-- Available data follows --

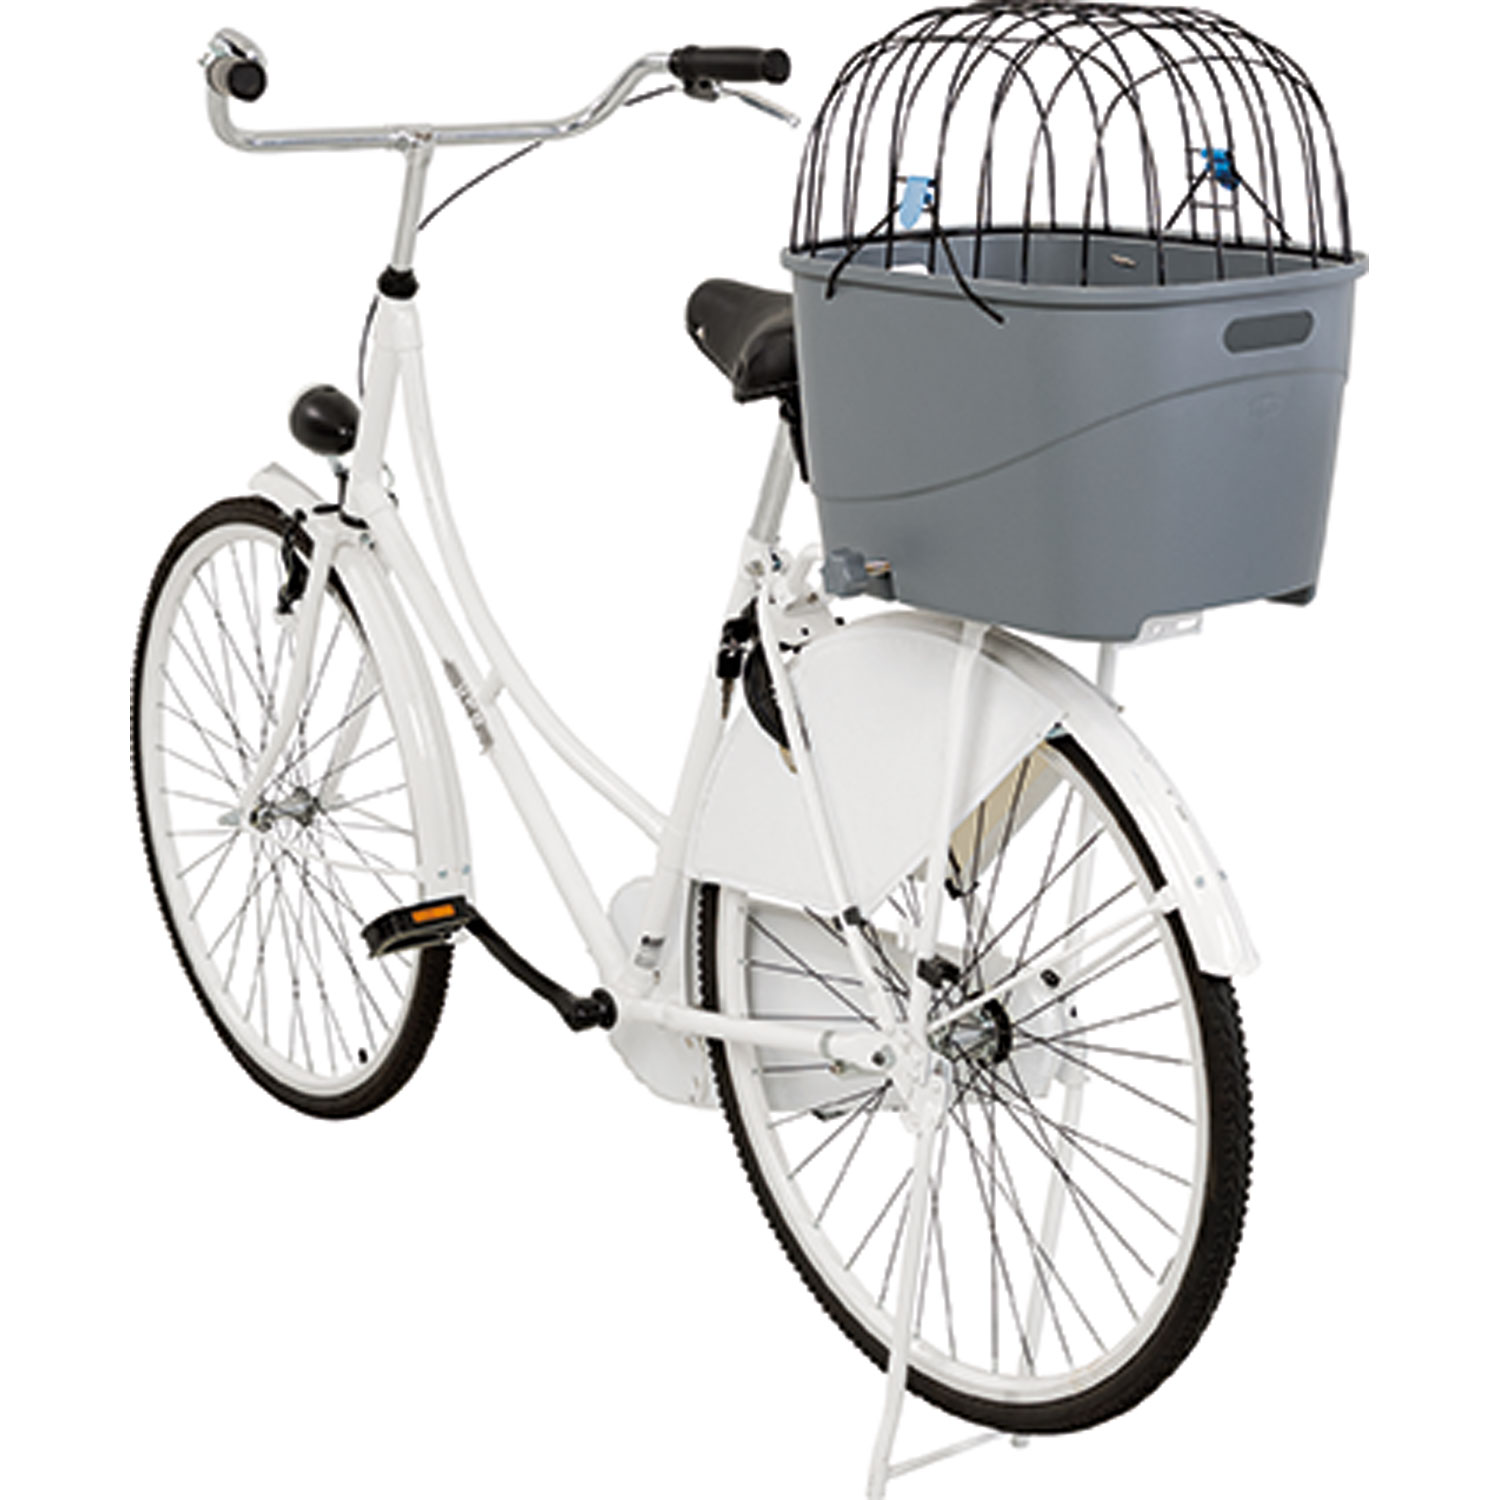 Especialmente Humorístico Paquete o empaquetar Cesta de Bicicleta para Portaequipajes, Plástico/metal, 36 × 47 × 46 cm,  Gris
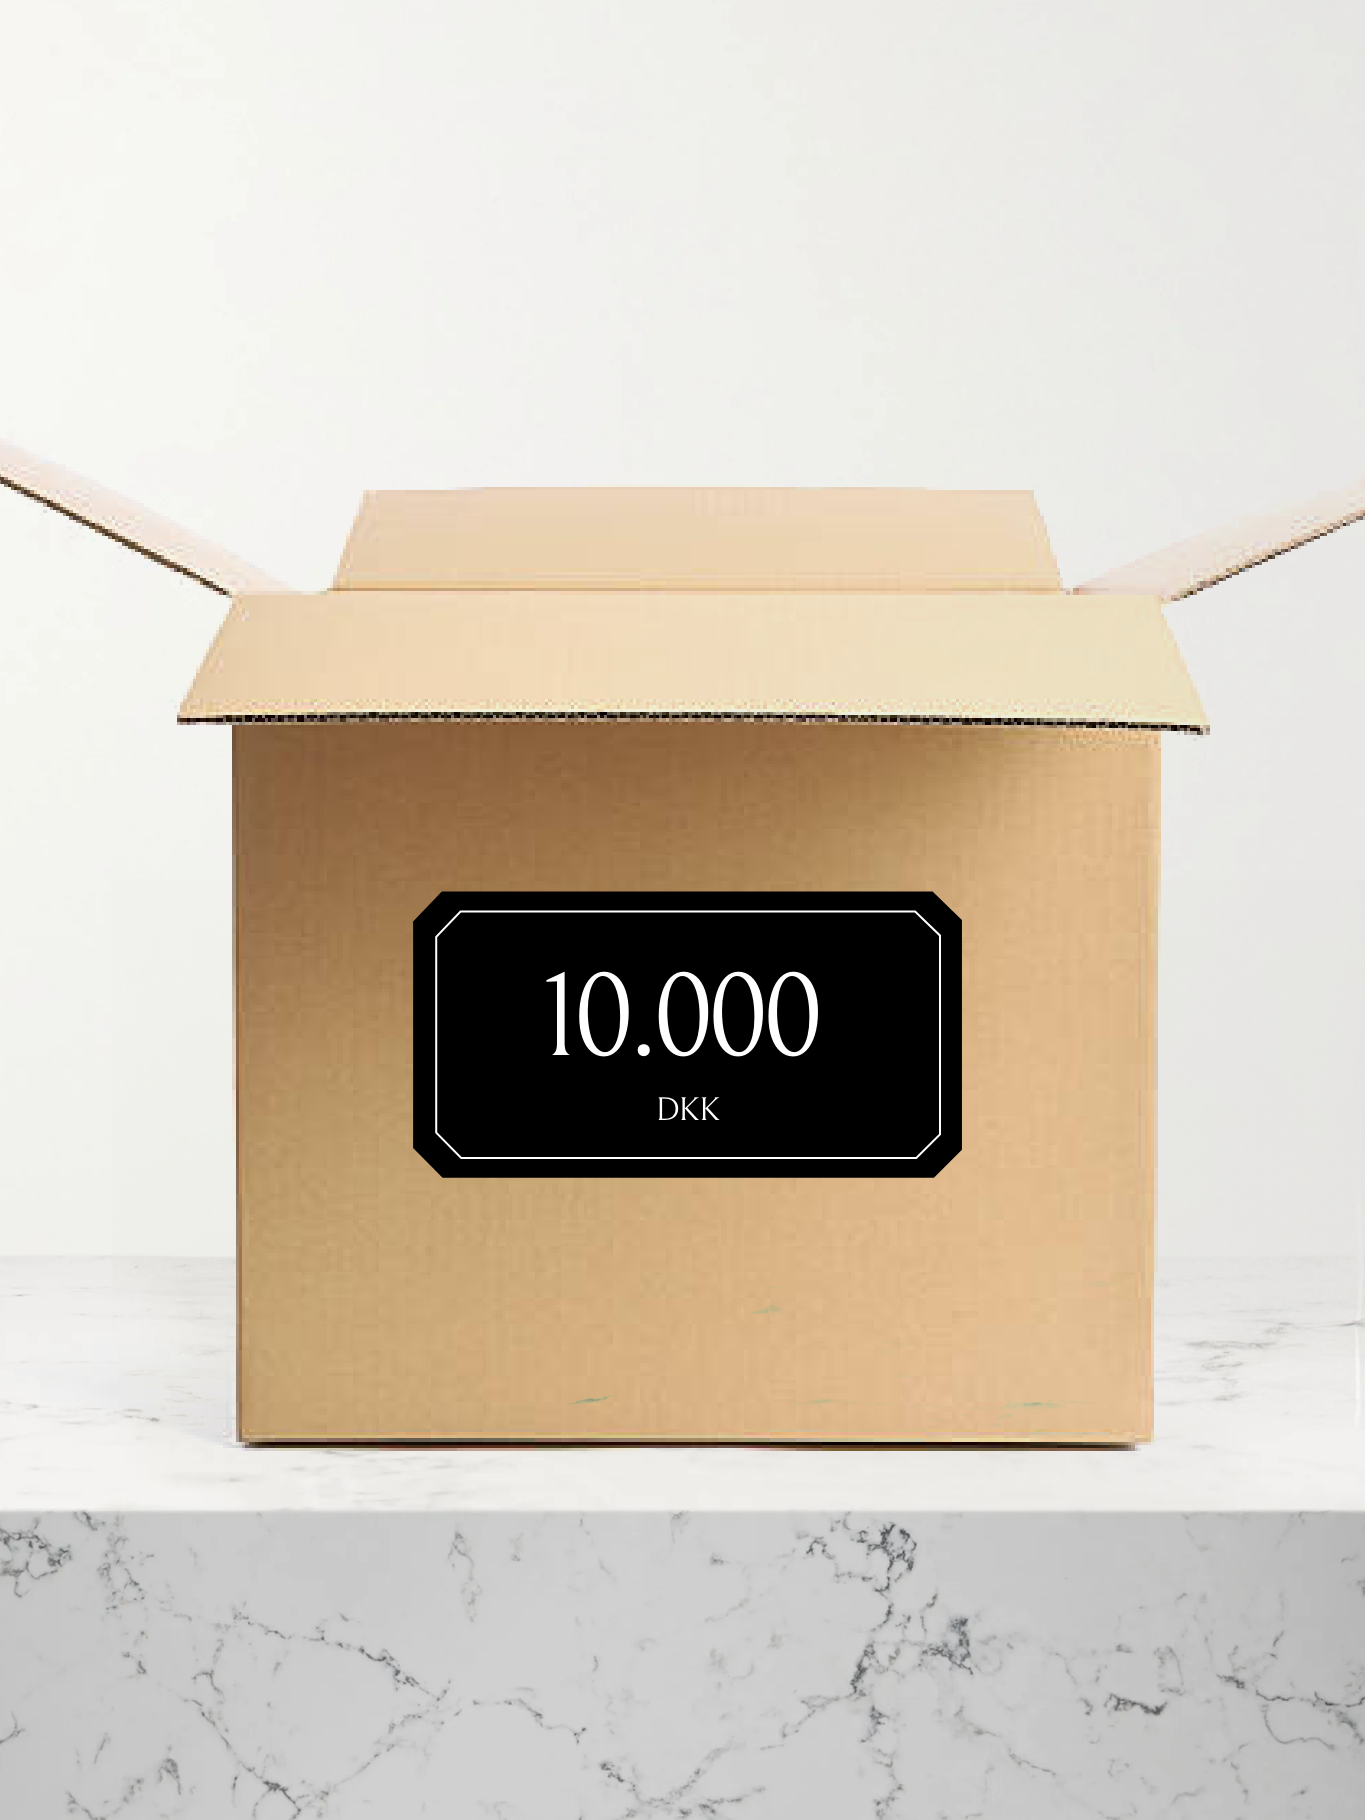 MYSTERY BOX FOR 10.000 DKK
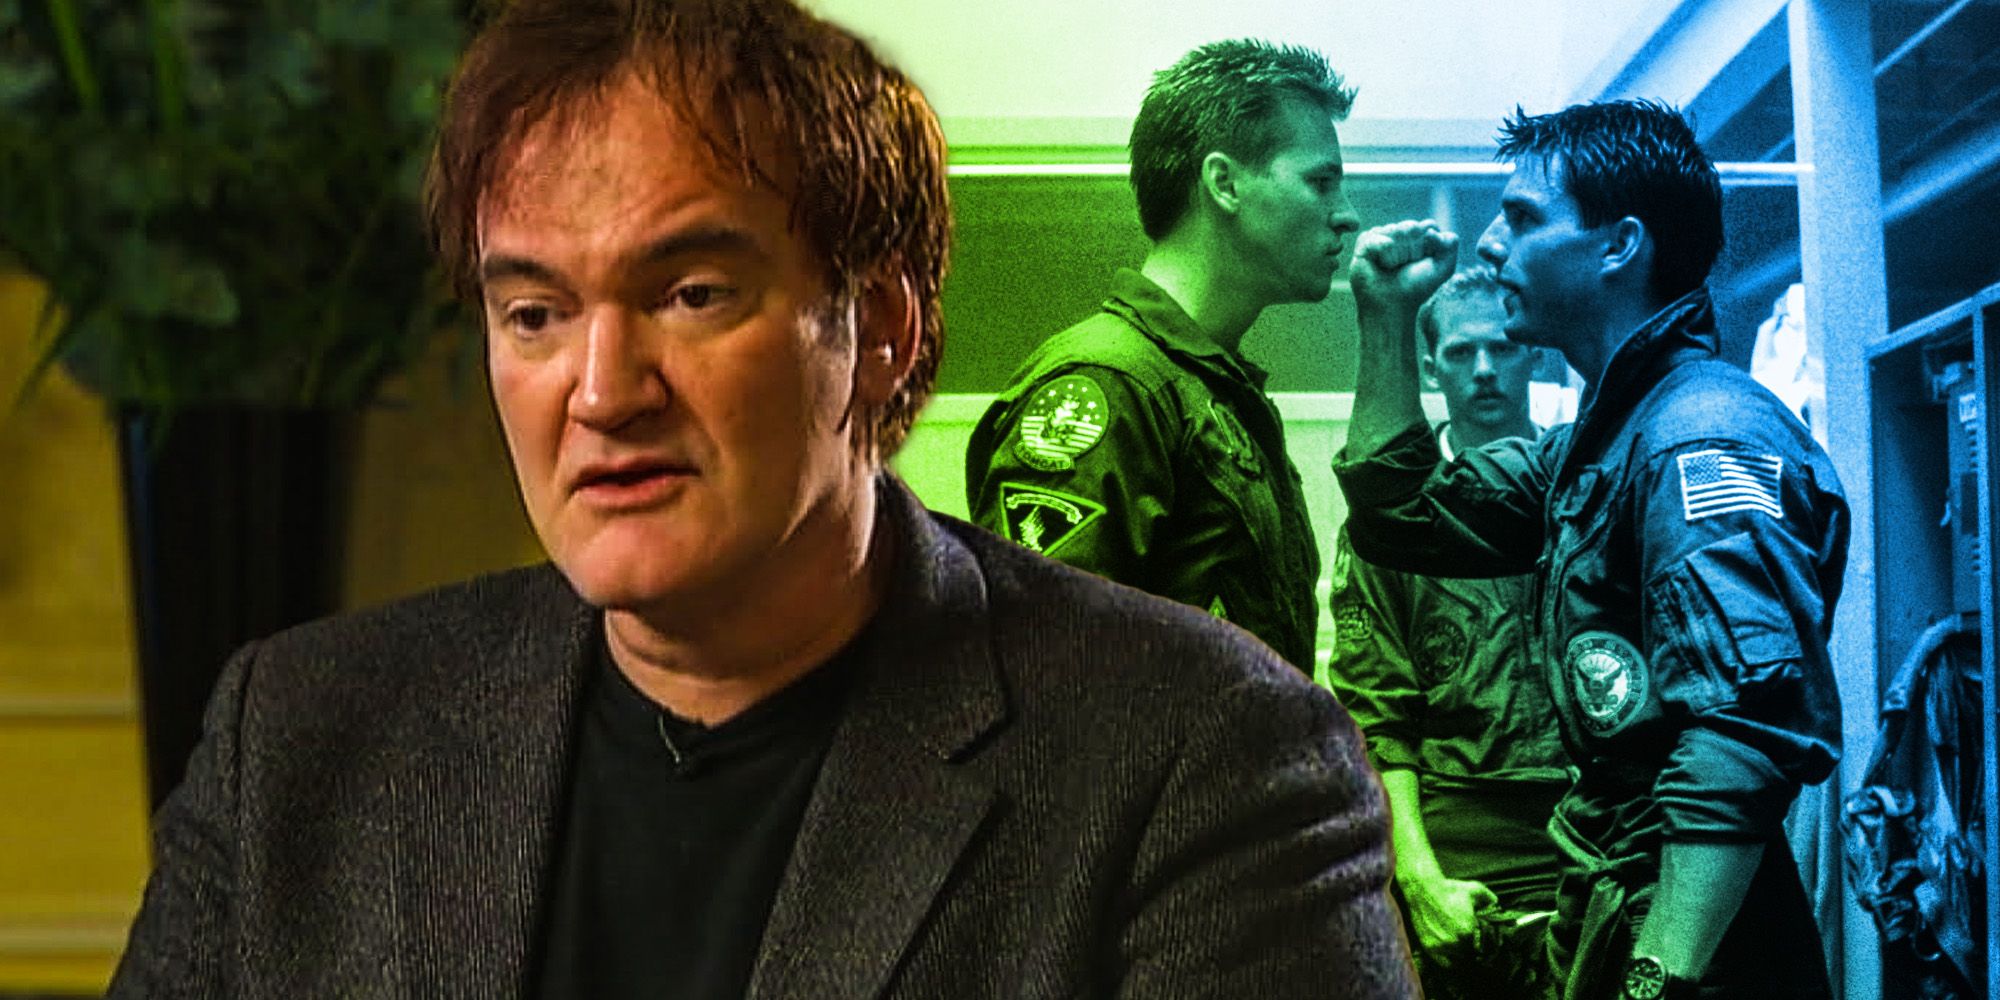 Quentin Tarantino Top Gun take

-- Available data concluded --

What you have to do.
Leave the images out. Set down all of the material above exactly.

Written solution.
 Especialmente Humorístico Paquete o empaquetar Cesta de Bicicleta para Portaequipajes, Plástico/metal, 36 × 47 × 46 cm,  Gris
 MYSTERY BOX FOR 10.000 DKK
 Quentin Tarantino Top Gun take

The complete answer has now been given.